Борьбу технических (и естественно-научных) элит за примат в области культуры Макс Айт сформулировал еще в 1904 году в докладе «Поэзия и техника» на главном собрании объединения немецких инженеров (VDI).
Позднее, особенно с тех пор, как научились закреплять на письме слово, мимолетный звук, наступило своеобразное изменение в отношении между словом и инструментом. Язык, именно потому, что на нем можно говорить, сумел раздобыть себе выдающееся, можно даже сказать, неподобающее значение. Немой инструмент в восприятии человечества все больше оттеснялся на задний план. <…> Сегодня мы живем посреди острой борьбы, целью которой является если не переформирование отношения между ними, то хотя бы возврат этого восприятия на правильные основания[22].
Воинственный тон Айта, которым он хотел придать коллегам коллективную волю к формированию социальной идентичности и культурного самосознания, именем «духа инструмента» призывая их к войне против языка, самозваного «инструмента духа», выдает глубокую неприязнь технической интеллигенции к литературным культурным элитам. Ведь если узурпация инструмента словом окончательно была закреплена лишь медиальной революцией письменности, то движение по реабилитации инструмента привело бы к преодолению письма и новому учреждению устности, той передаваемой электричеством и техникой медиальной революции, которую Уолтер Онг обозначил термином «вторичная устность».

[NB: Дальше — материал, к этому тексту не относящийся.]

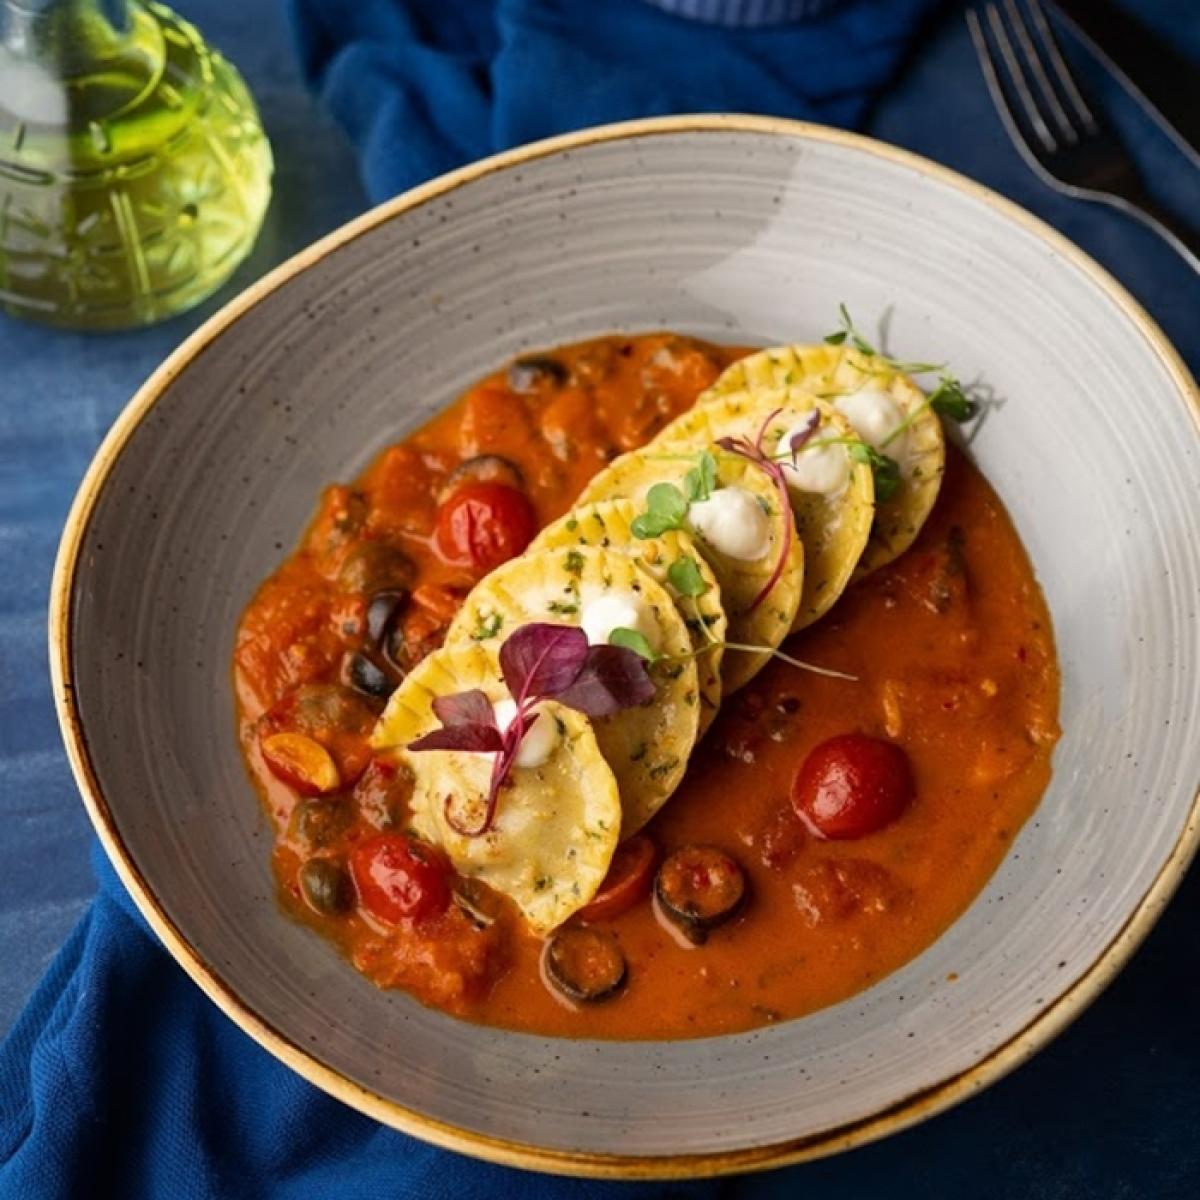 Mumbai Food Review: Su Casa is deliciously healthy
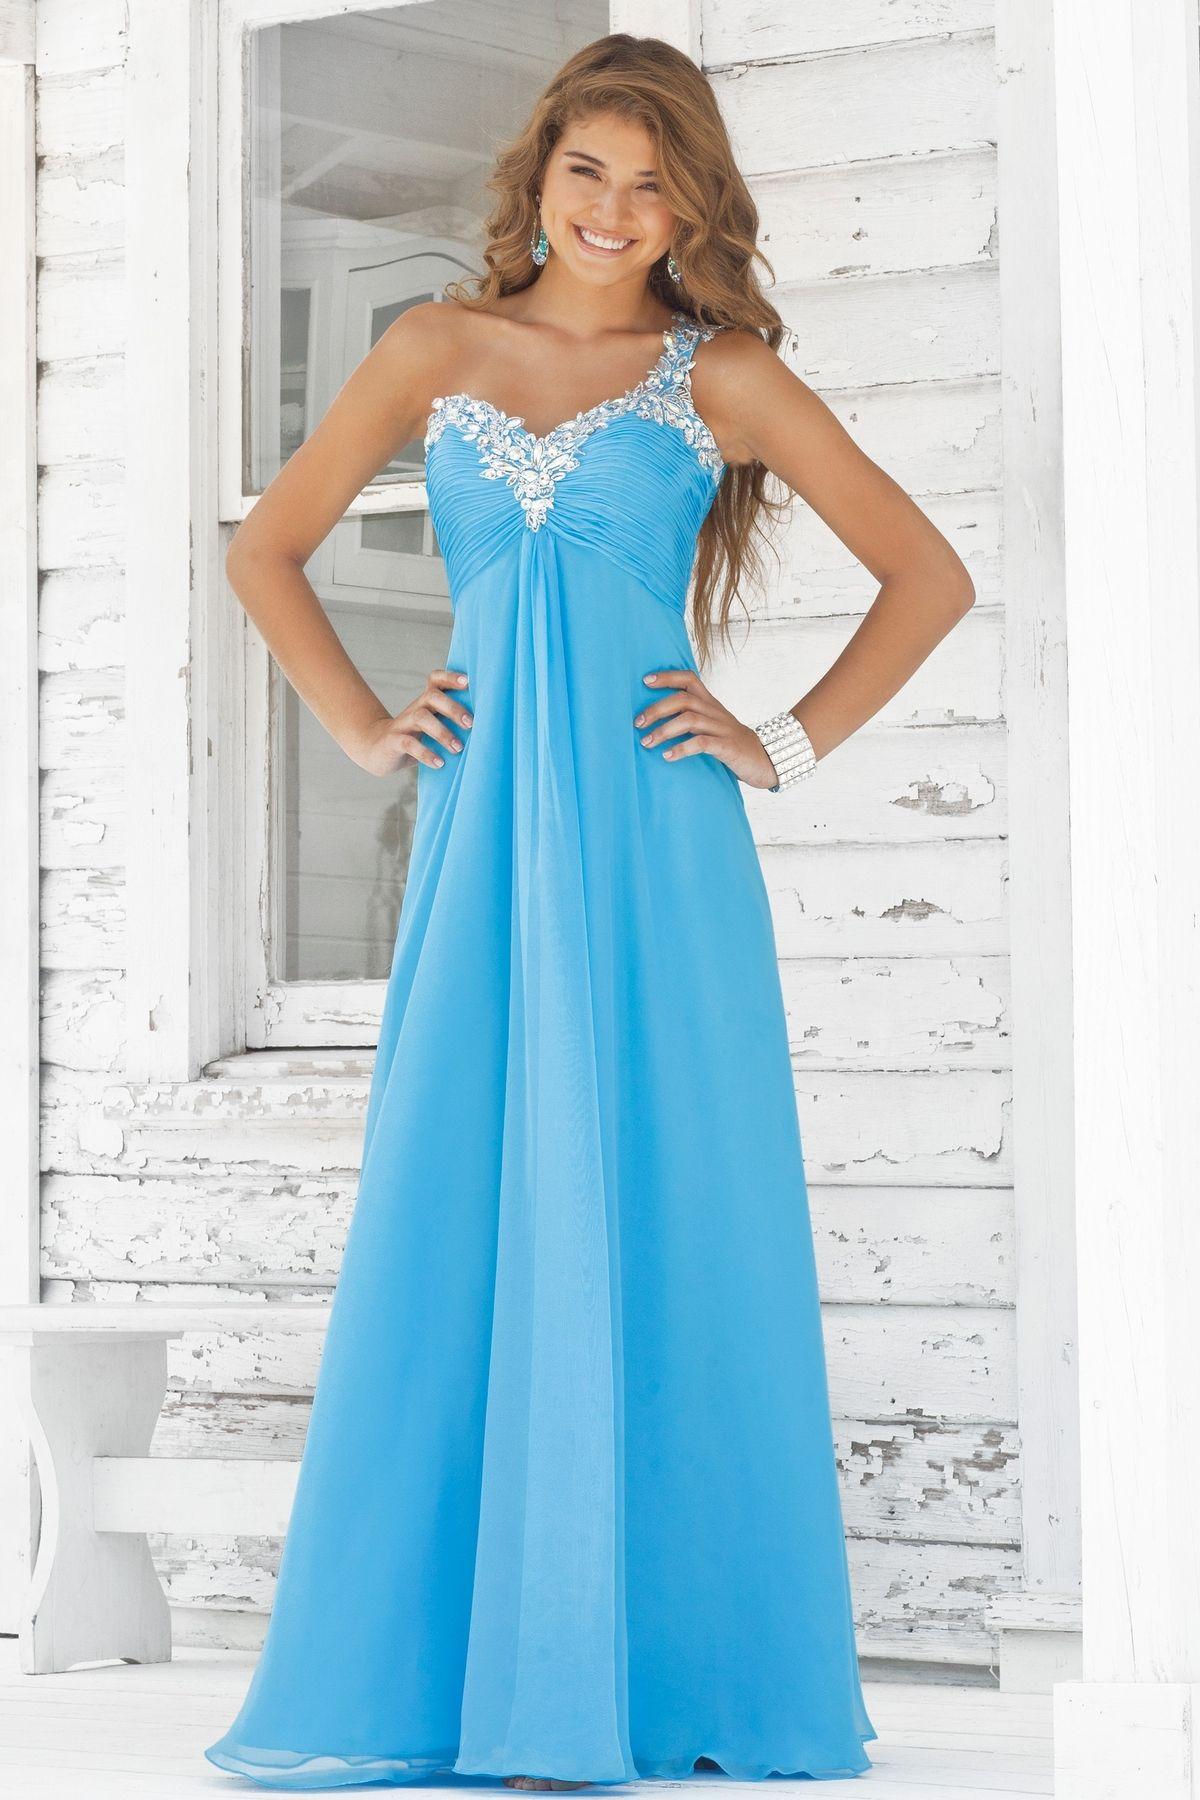 Cheap Ball Dresses   Dress images

Как и первичная устность, вторичная развивалась из сильной групповой ориентации, поскольку концентрация на произносимом слове формирует слушателей в группу, в реальную публику, тогда как чтение написанного или напечатанного текста замыкает индивидуума на себя самого. <…> До развития письма устные практики были ориентированы на группу прежде всего потому, что для субъектов речи не открывалось ощутимой альтернативы. В наше время вторичной устности мы естественным образом ориентированы на группу. Индивидуум замечает, что он или она как индивидуум должен обладать социальным чувством[23].
Развитие социального чувства лейтмотивом пронизывает Электророман Андрея Платонова и с конца 1920‐х годов становится его центральной темой. Поразительно при этом, что герой Электроромана, проходя развитие от изобретателя-любителя к инженеру-электрику, в своей речи синтезирует приемы выражения первичной и вторичной устности. Имитация сказа деревенской обиходной речи и технически-научный профессиональный язык равноправны в прямой и повествовательной речи Электроромана.
В платоноведении уже предпринимались попытки создать объемную атрибуцию для неповторимого литературного языка этого автора. Через обозначения – «язык технократической утопии»[24] или «углоссия»[25] – обычно подчеркивается, что стиль языка, присущий вымышленным мирам Платонова, выделяет абстрактные логические конструкции, которые интегрируются в повседневный язык персонажей. В Электроромане наличествует специфическое выражение этого гибридного абстрактно-конкретного языка, которое можно обозначить как «электросказ». Электросказ представляет собой, по исходному тезису, причудливую смесь формалистически инспирированных сказовых экспериментов, медиальной семантики вторичной устности и традиций литературного повествования. Электросказ способен интегрировать в нарративную схему гетерогенные и конкурирующие семантические модусы развития сюжета и построения действия – такие, как архаичная мифопоэтика, традиционная любовная поэтика и инновативная научная и технопоэтика. Электросказ способен примирить в Электроромане слово и инструмент.
Сведем тезисную структуру воедино: с 1921 по 1931 год Андреем Платоновым был создан Электророман, состоящий из разрозненных текстов малой прозы, публицистики и технического творчества, взаимосвязанных метафорической автореференциальной системой, и предвосхитивший в каком-то смысле форму постмодернистского романа. Основной прием Электроромана – электросказ обеспечивает единство языковой картины романного мира и функциональность его экспериментальной повествовательной структуры. Тем самым отдельные этапы создания Электроромана могут рассматриваться как внутренний двигатель эволюции литературного стиля Платонова.